Good luck with the assessment and interview Chester!


----------



## chestershepherd (Sep 9, 2009)

Emmal31 said:


> Hi chestershepherd,
> 
> Sounds like a nightmare must have been a shock to be diagnosed with type 1 at your age (i'm not saying your old in any way!) It's a shame that in this day and age that something like diabetes affects what jobs you can have especially if you love your job. Surely though if they can't keep you on as a train driver they have an obligation to find you another position within the company? have you thought about legal advice because I think it's discusting that you'll just be got rid of because of your medical condition. Good lucky anyway I hope you get it sorted out.
> 
> Emma


Thanks for your reply and comments it nice that sites like this exist to chat to others with diabetes and share comments and stories.Yes they do have another obligation to find me another job but at the moment there are no vacancies in my area and one driver they gave him train cleaning job . The job itself is fine its the salary reduction of 24k whish has hit . My mortgage is 900 a month brought my flat 2 years ago so in negative equity now rented for 7 years and then thought must get a place whilst i can still afford one and then bang lol.
And still confused if I am really type or type 2 as was orginally diagnosed type 1 aug 2008 then in dec 2009 they said I was type 2  and in hindsight they had misdiagnosed me and put on metformin and my levels where fine hbac1 was 5.7.Then I was having various helath problems and my levels raised to 14.3 so consultant said i was type 1 not type 2 and put back onto insulin again.


----------



## chestershepherd (Sep 9, 2009)

Northerner said:


> Good luck with the assessment and interview Chester!


Thanks very much wil keep you all updated


----------



## sofaraway (Sep 9, 2009)

chestershepherd said:


> And still confused if I am really type or type 2 as was orginally diagnosed type 1 aug 2008 then in dec 2009 they said I was type 2  and in hindsight they had misdiagnosed me and put on metformin and my levels where fine hbac1 was 5.7.Then I was having various helath problems and my levels raised to 14.3 so consultant said i was type 1 not type 2 and put back onto insulin again.

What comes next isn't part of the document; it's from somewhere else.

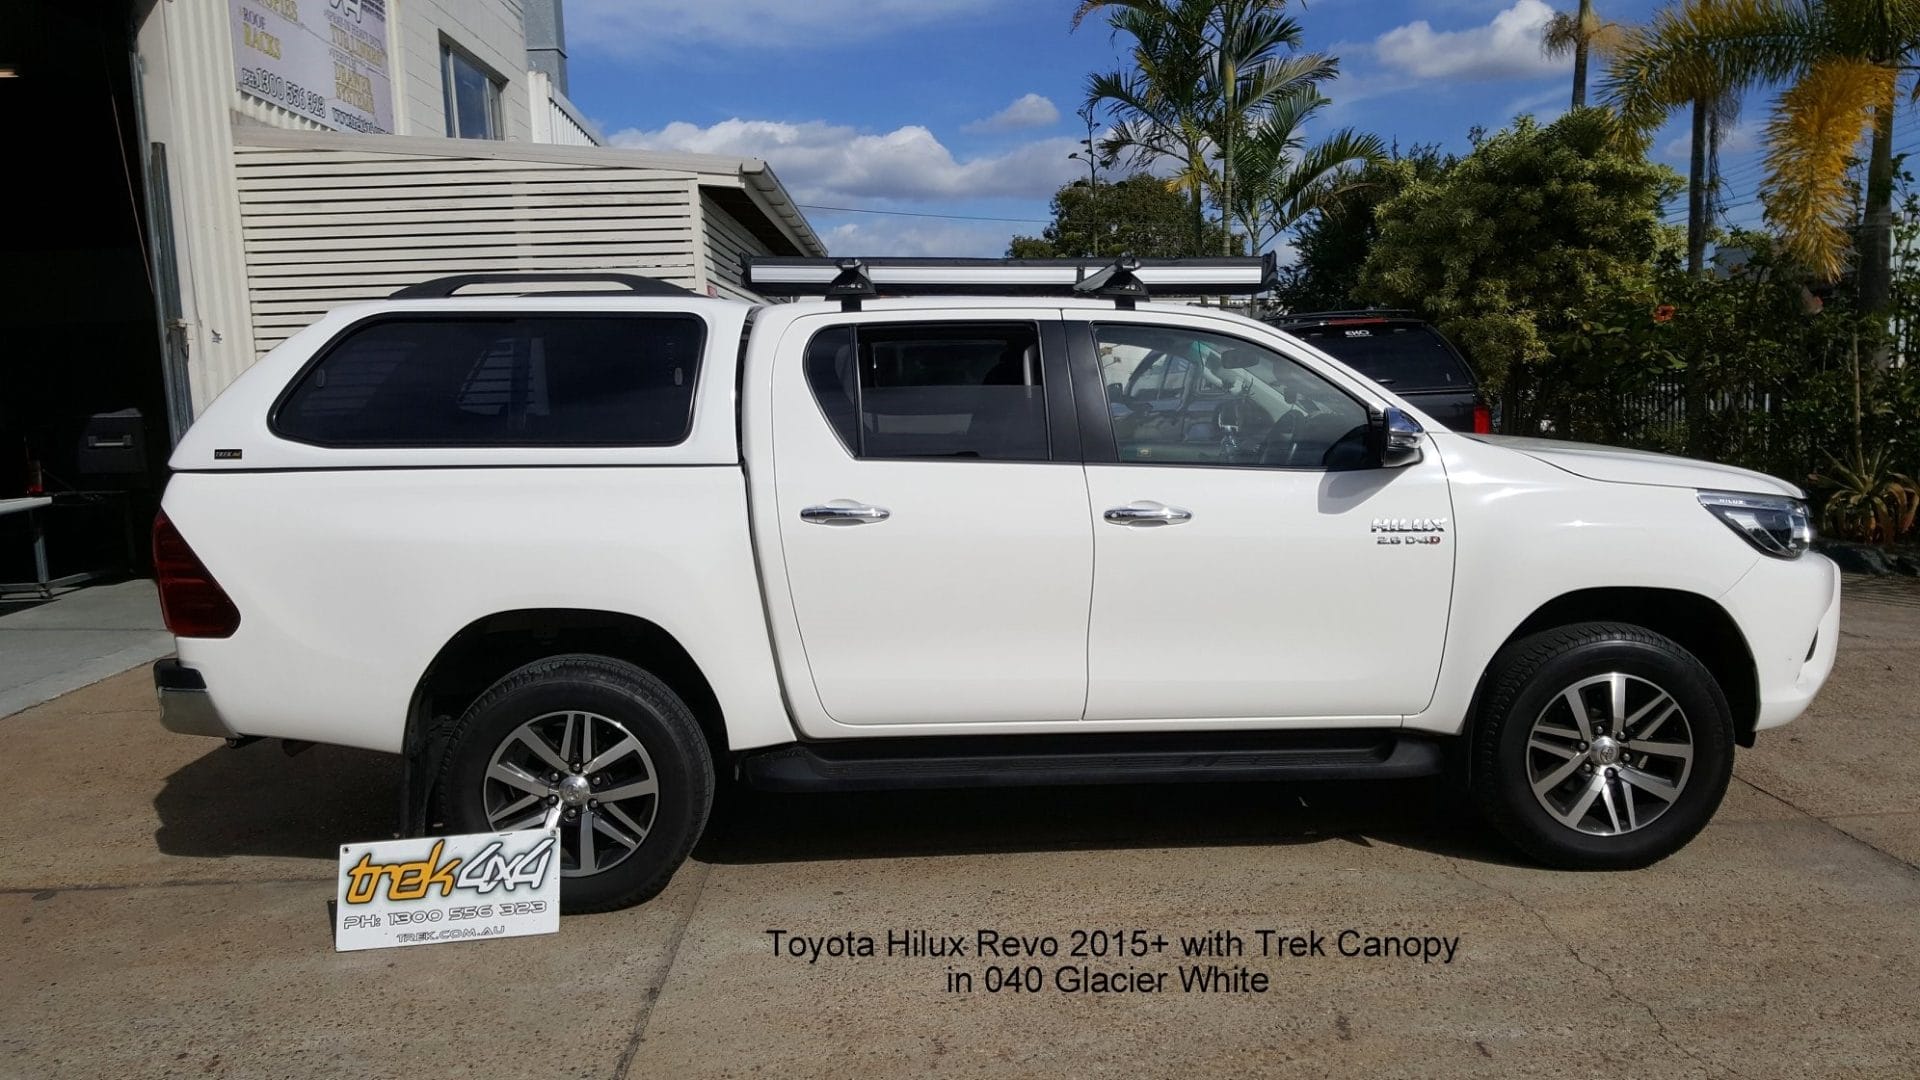 Toyota Hilux 2016 TREK Canopy – Canopies for your ute or 4×4 Vehicle
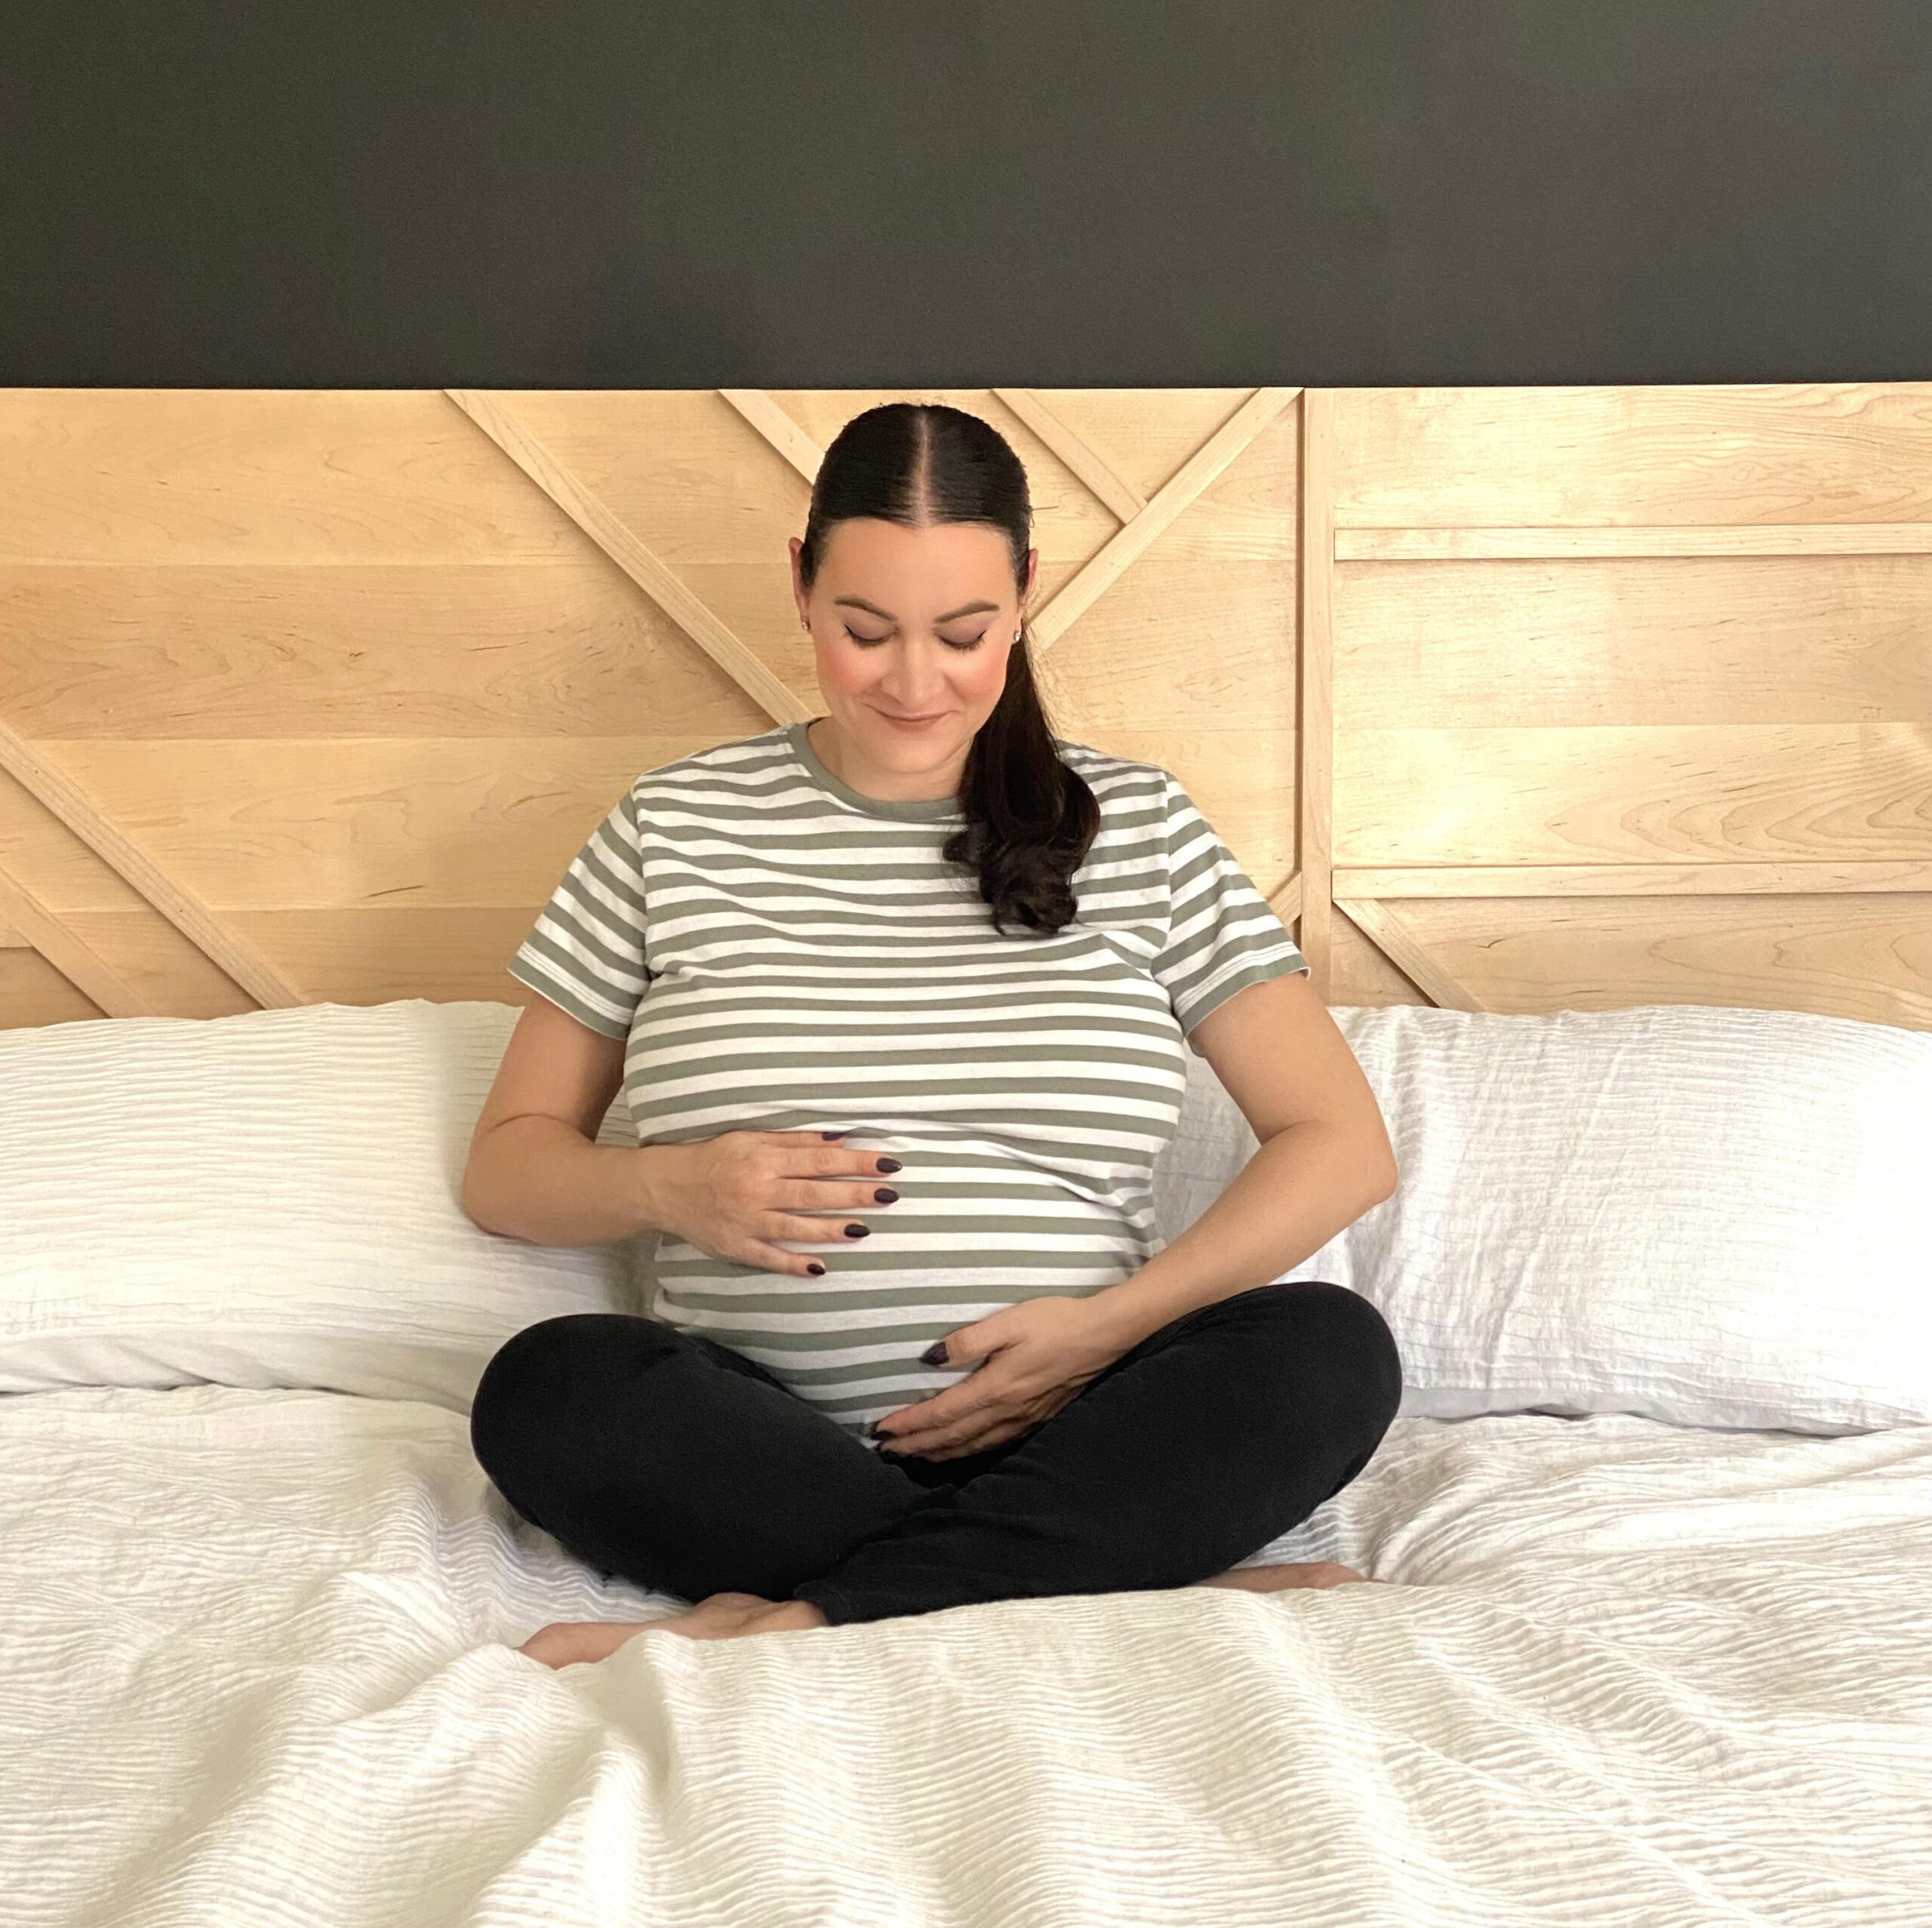 1st Trimester (and beyond) Pregnancy Essentials! – Everyday Glam Guide

If they is question over your diagnosis have you had antibody testing and c-peptide? If not then I think it's worth doing as the impact is very significant on your life.


----------



## Copepod (Sep 9, 2009)

It's more likely being on insulin or not than the diagnosis that's the deciding factor, but still worth asking for differential diagnosis if it could mean keeping your job.


----------



## chestershepherd (Sep 9, 2009)

No not heard of that test before but defo worth having done if there is a chance I could save my job and career thanks for that info


----------



## sofaraway (Sep 9, 2009)

If it comes back that you have antibodies then that means you have type 1 and need insulin. if the c-peptide comes back low then that indicates you produce low levels of insulin and are more likely type 1. It's worth testing for because if there is a chance you are type 2 and could manage on something like byetta then they might accept you to continue driving. Might even be that you are a type 2 but still require insulin treatment. So don't want to get your hopes up, but I think you need all the information so that decisions can be made. best of luck to you.


----------



## NiVZ (Sep 10, 2009)

Hello,

Found this article from 2002.  It speaks more about American cases, but highlights the 'blanket discrimination' and how some people have challenged this and asked to be considered as an individual case.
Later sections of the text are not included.